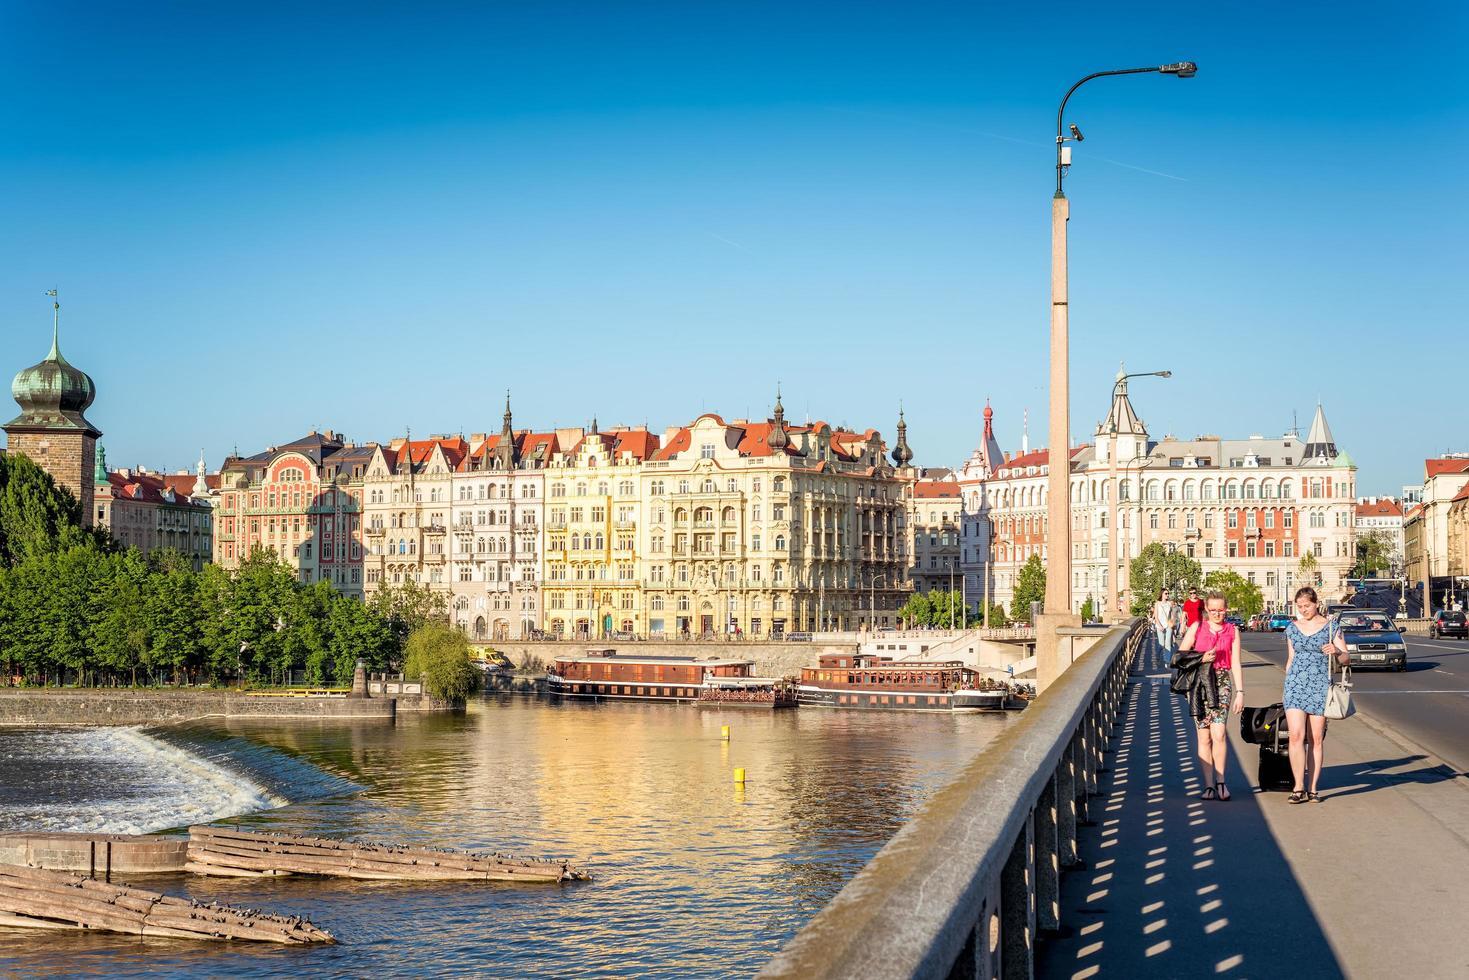 Prague, République tchèque 2017 - Pont Jirasek et quai de la rivière Vltava photo
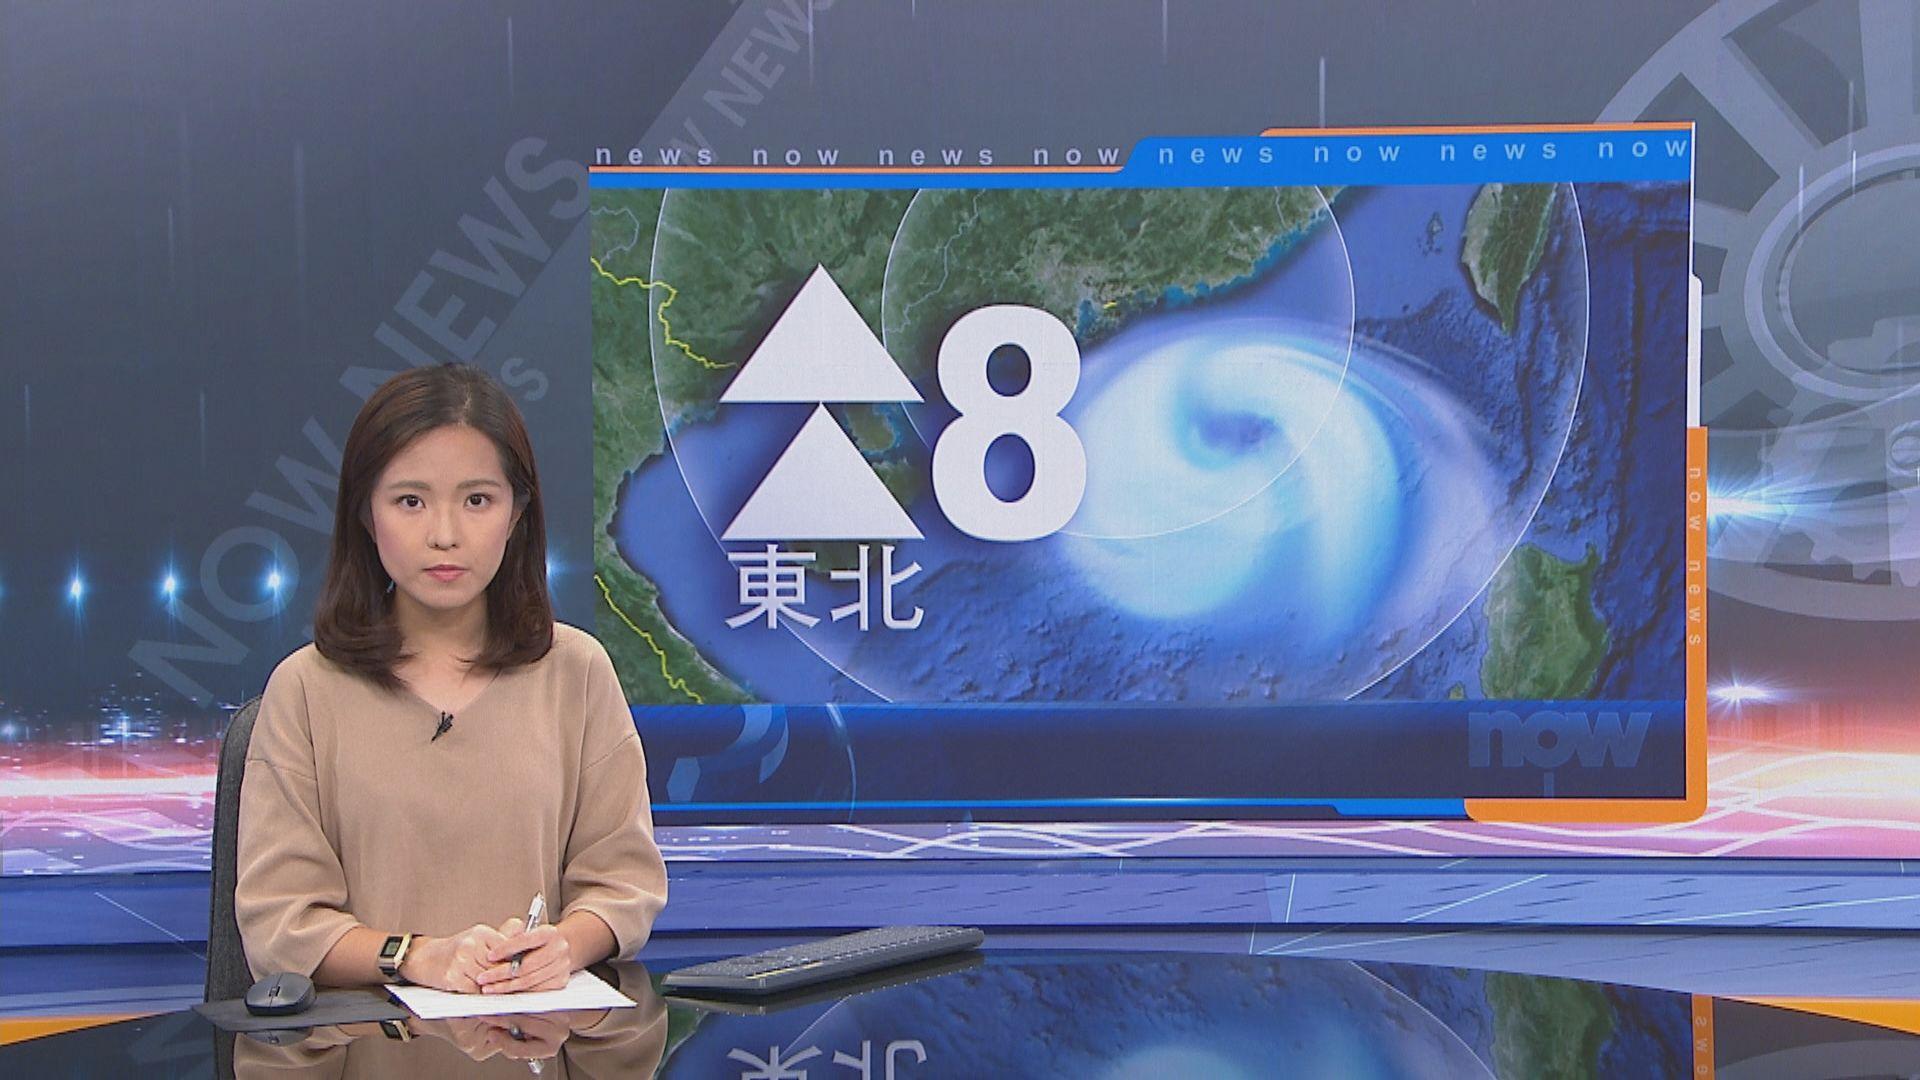 八號東北烈風或暴風信號生效 天文台料維持至日出前
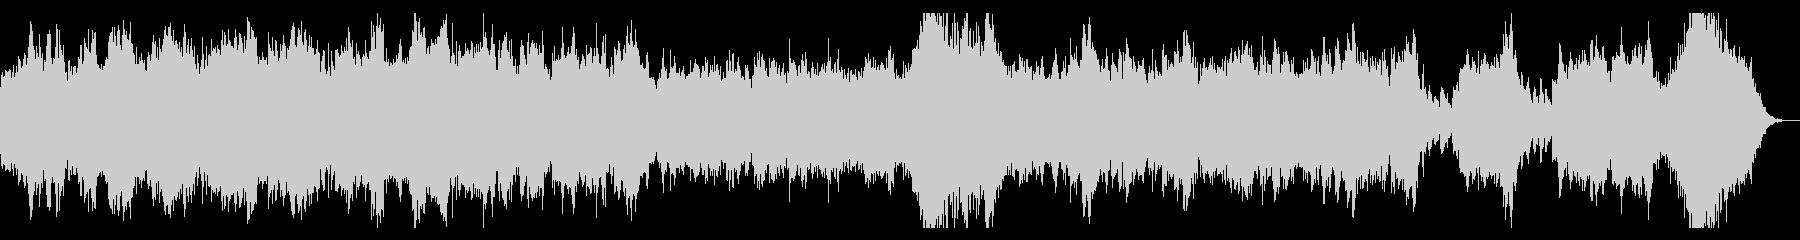 ホラー系 ダークなオーケストラBGMの未再生の波形
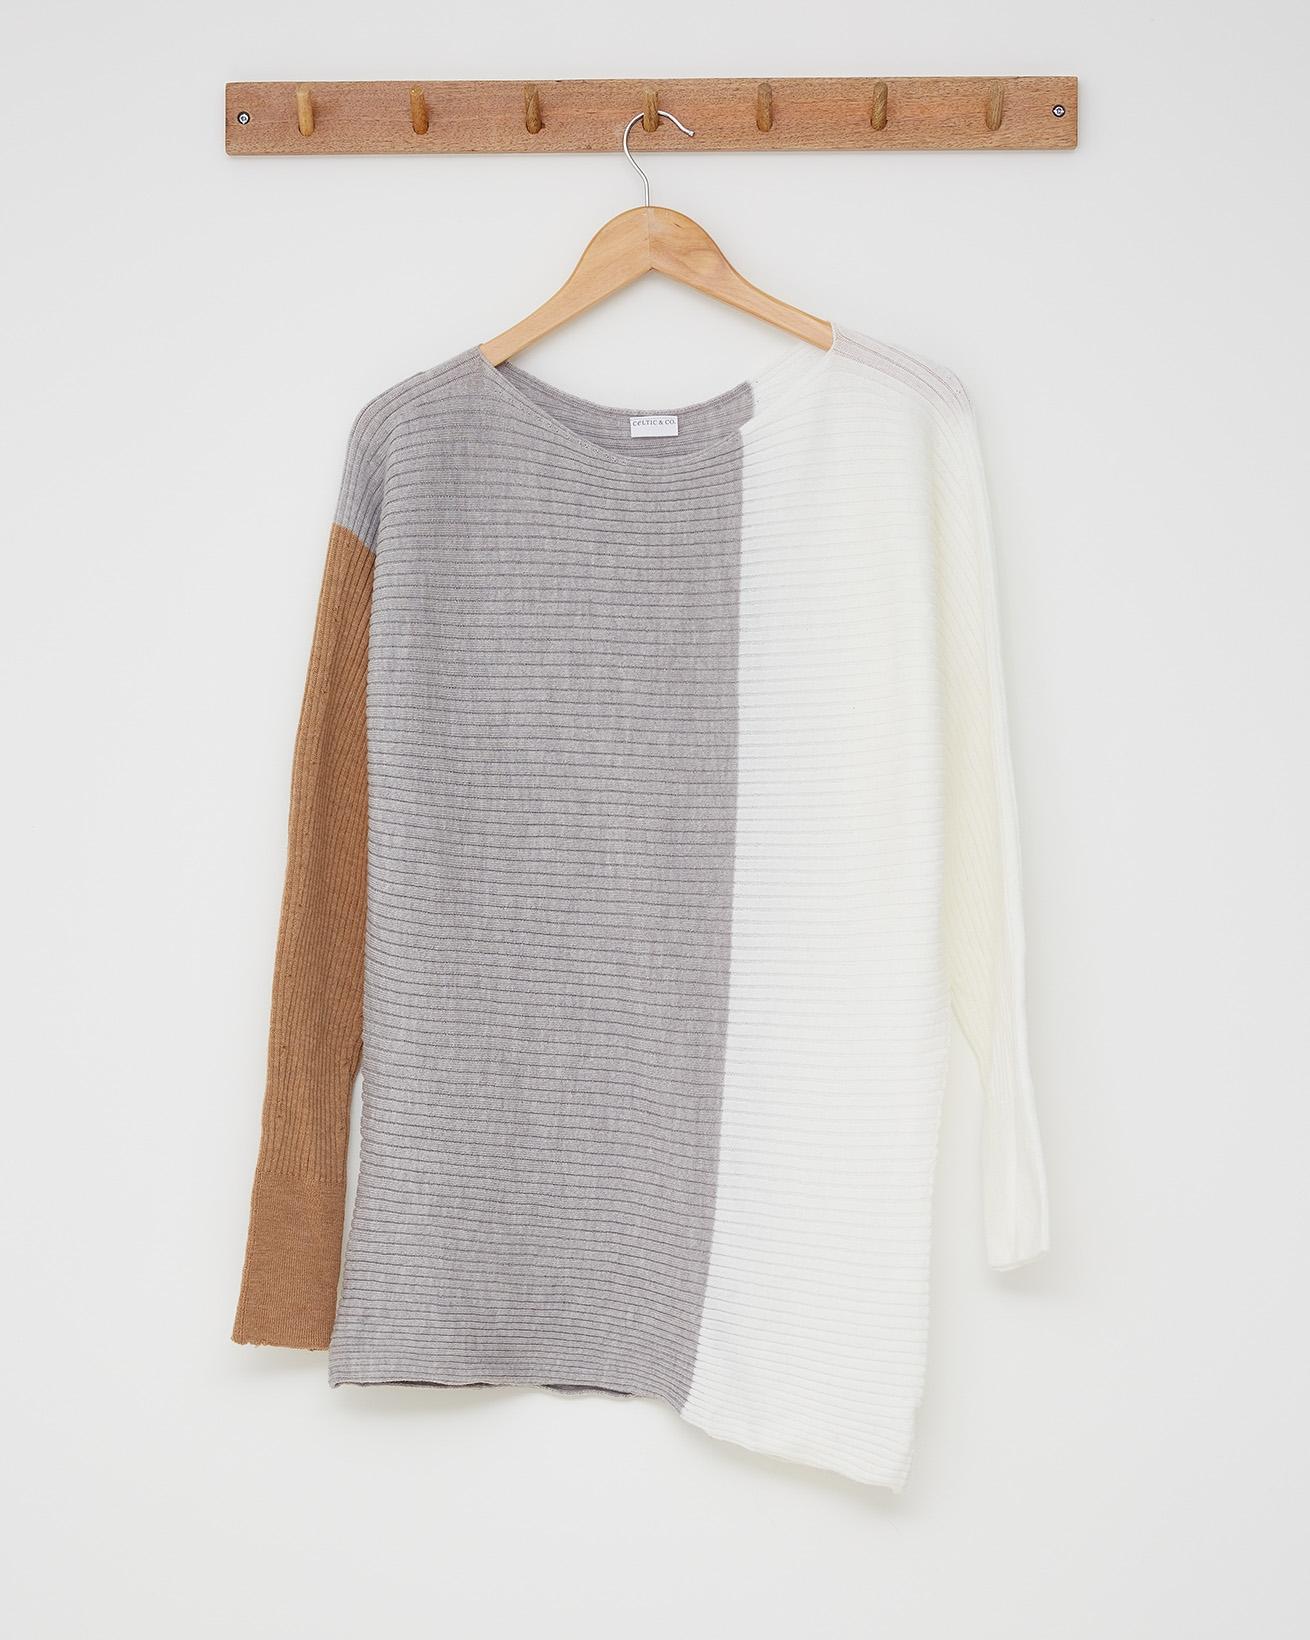 Colourblock tunic - Size Small - Milk, silver, camel - 2590

.....

**TASK REQUIREMENTS:**
An exact copy is needed of the lines running from the one containing "八號東北烈風或暴風信號生效 天文台料維持至日出前" through the last line of the material, and of no others; pictures stay out.

**WRITTEN REPLY:**
 八號東北烈風或暴風信號生效 天文台料維持至日出前
 ホラー系 ダークなオーケストラBGMの未再生の波形
 Colourblock tunic - Size Small - Milk, silver, camel - 2590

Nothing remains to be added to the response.